Egypt's House of Representatives has approved new amendments to a law that grants citizenship to foreigners who invest in the country.
The prime minister now has the right to grant citizenship to foreigners who buy state-owned or private property, establish an investment project or deposit cash into an Egyptian bank.
In August last year President Abdel Fattah Al-Sisi ratified law no. 173 which allows foreign nationals who deposit at least seven million Egyptian pounds ($0.42 million) into local banks to be granted a five-year residency and the opportunity to pay for nationality.
If they qualify, candidates pay $10,000 to apply.
The law has been criticised for being a quick fix to bring money into the country.
Egypt's economy has been in dire straits since the 2011 Arab Spring and
Egyptian authorities have tried a number of measures to inject cash into the economy, including a $12 billion IMF loan.
Egyptians have been hit with a series of austerity measures like fuel and electricity hikes which have made life difficult for people already suffering under high unemployment rates. Over half the country live below the poverty line.
The country has pushed for foreign investment with the minister of investment and international cooperation declaring last year that Egypt is "open for business" and that the country is being repositioned as a "global investment destination".

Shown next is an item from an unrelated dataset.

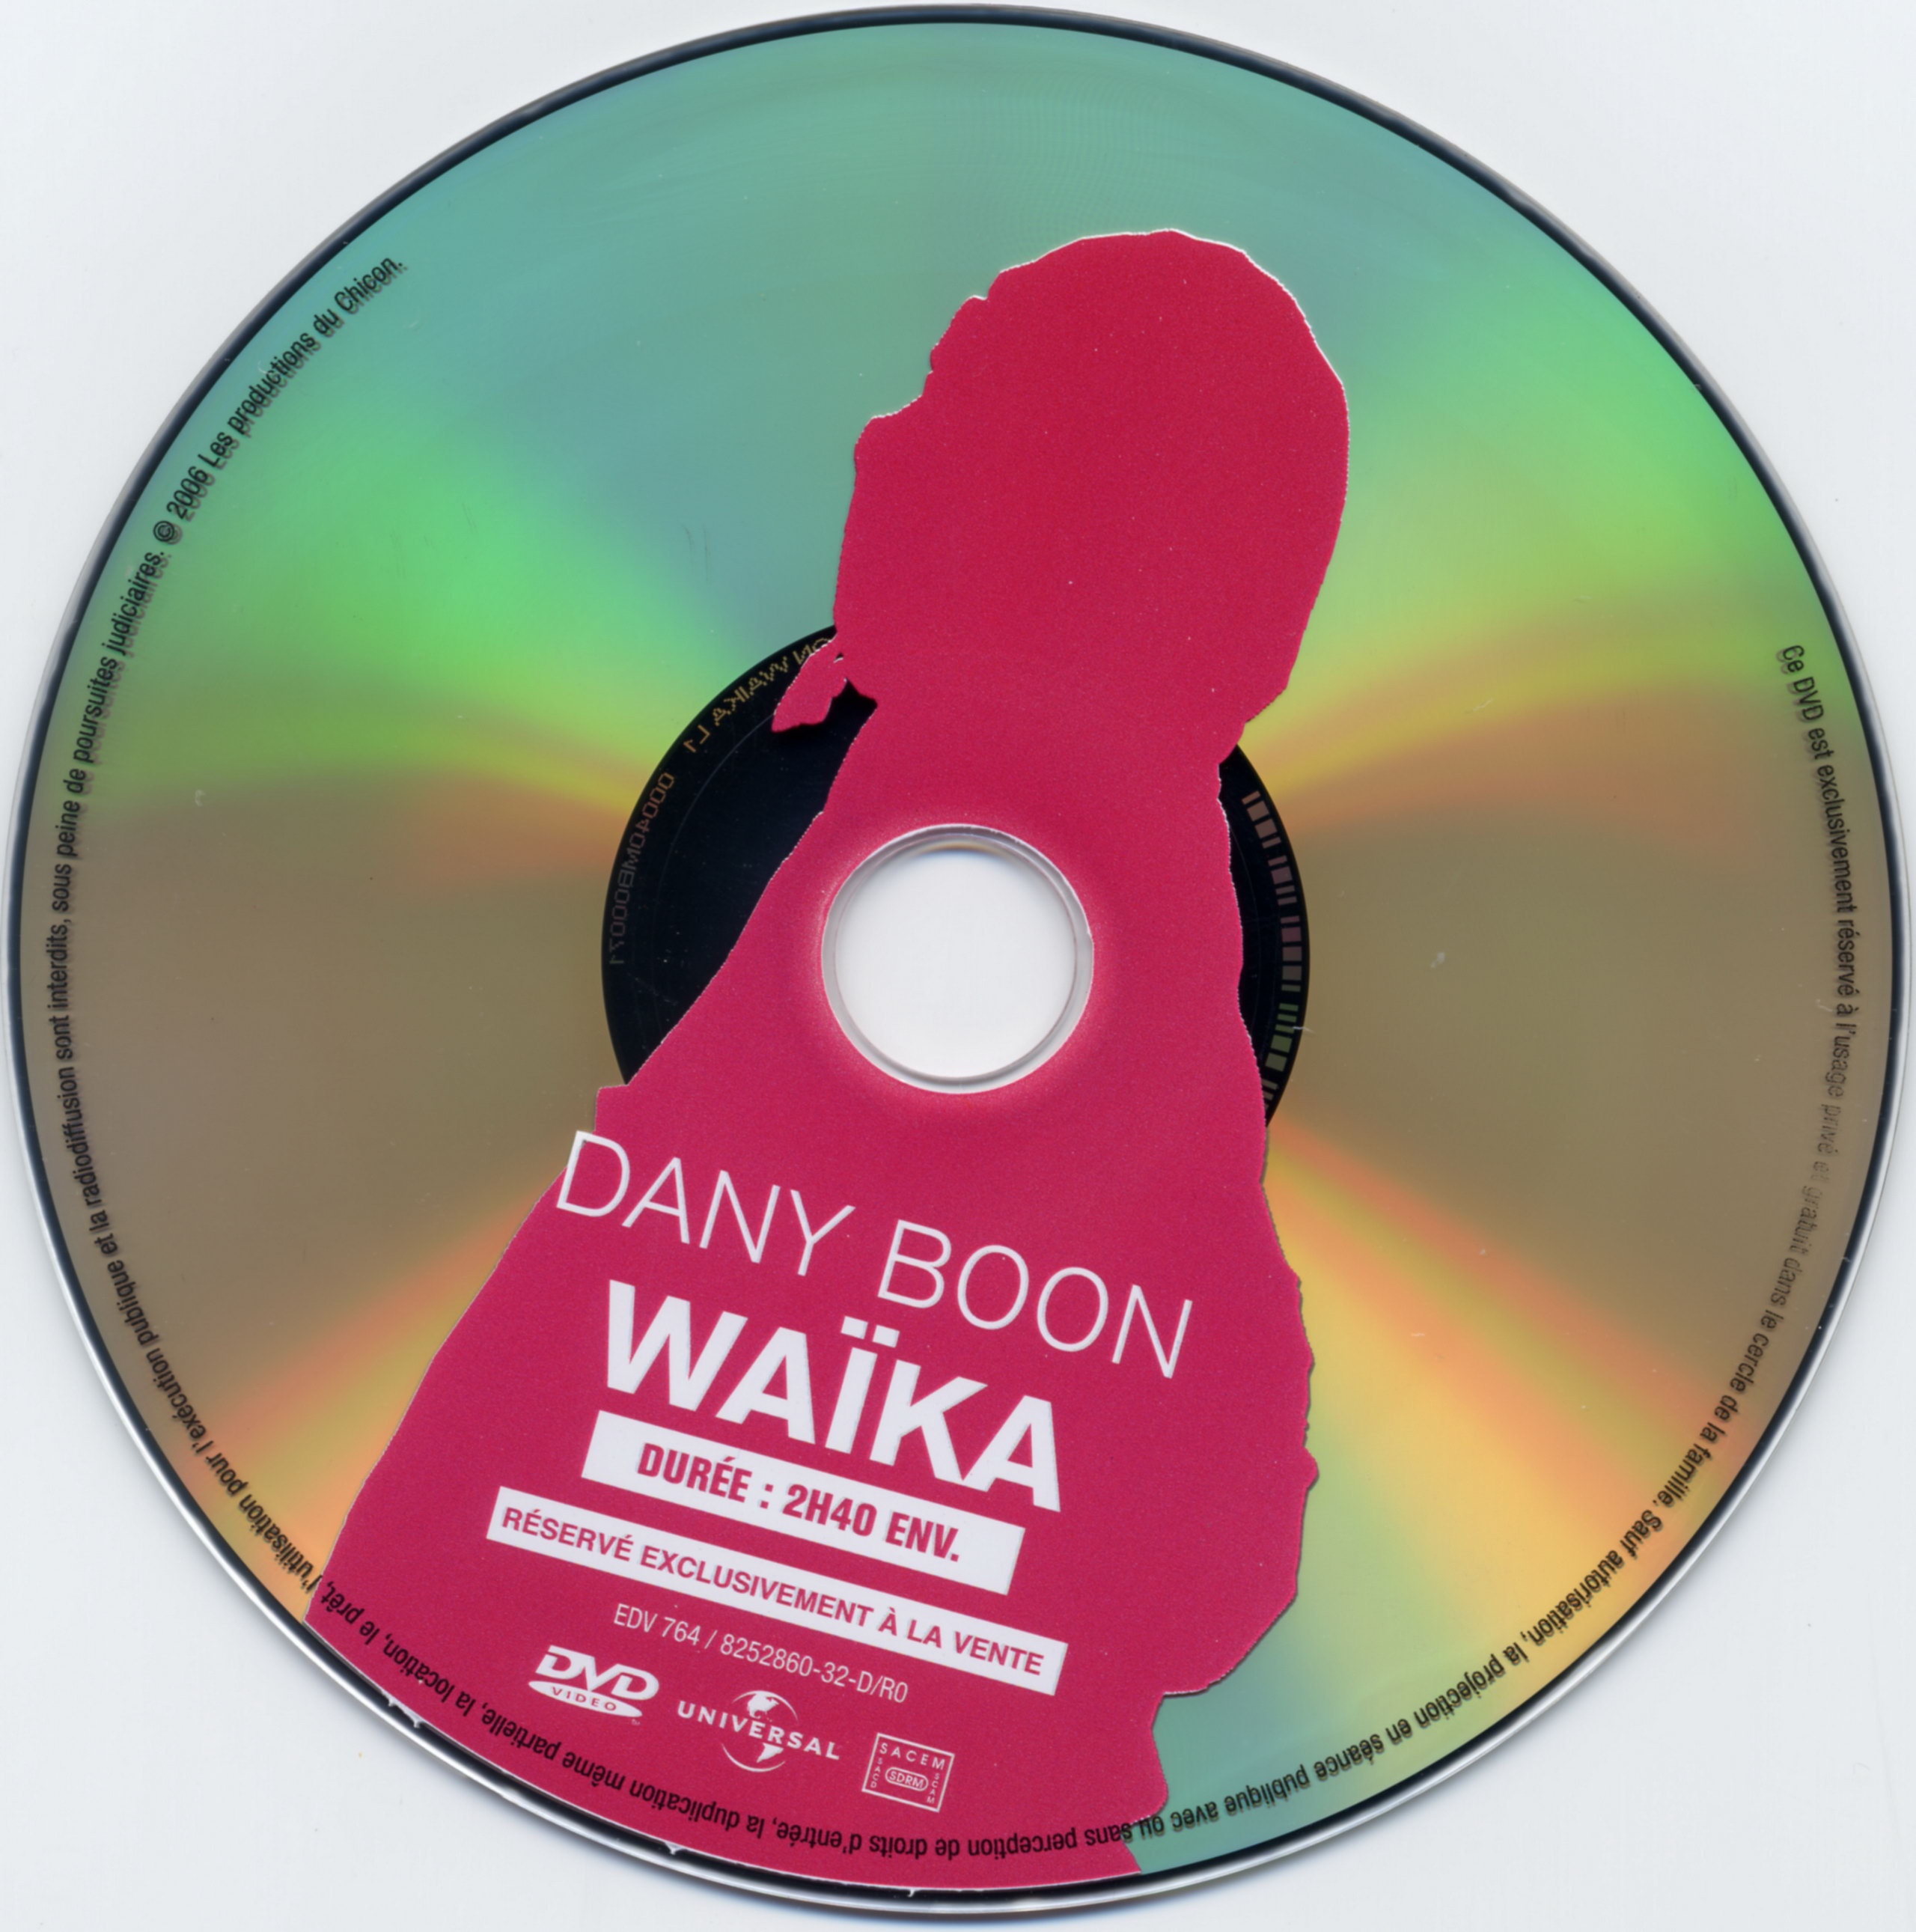 Dany Boon Waika v2

In 2016 British investment reached $30 billion yet Egyptian people see very little return on this money within a climate of rising corruption.
Whilst foreign investors can buy the Egyptian nationality, Egyptian citizens are at danger of having theirs taken away if they oppose the current regime.
In 2017 the Egyptian cabinet approved amendments to Egypt's Nationality Law under which authorities can revoke citizenship of pro-democracy supporters allegedly for posing a threat to state security and public order.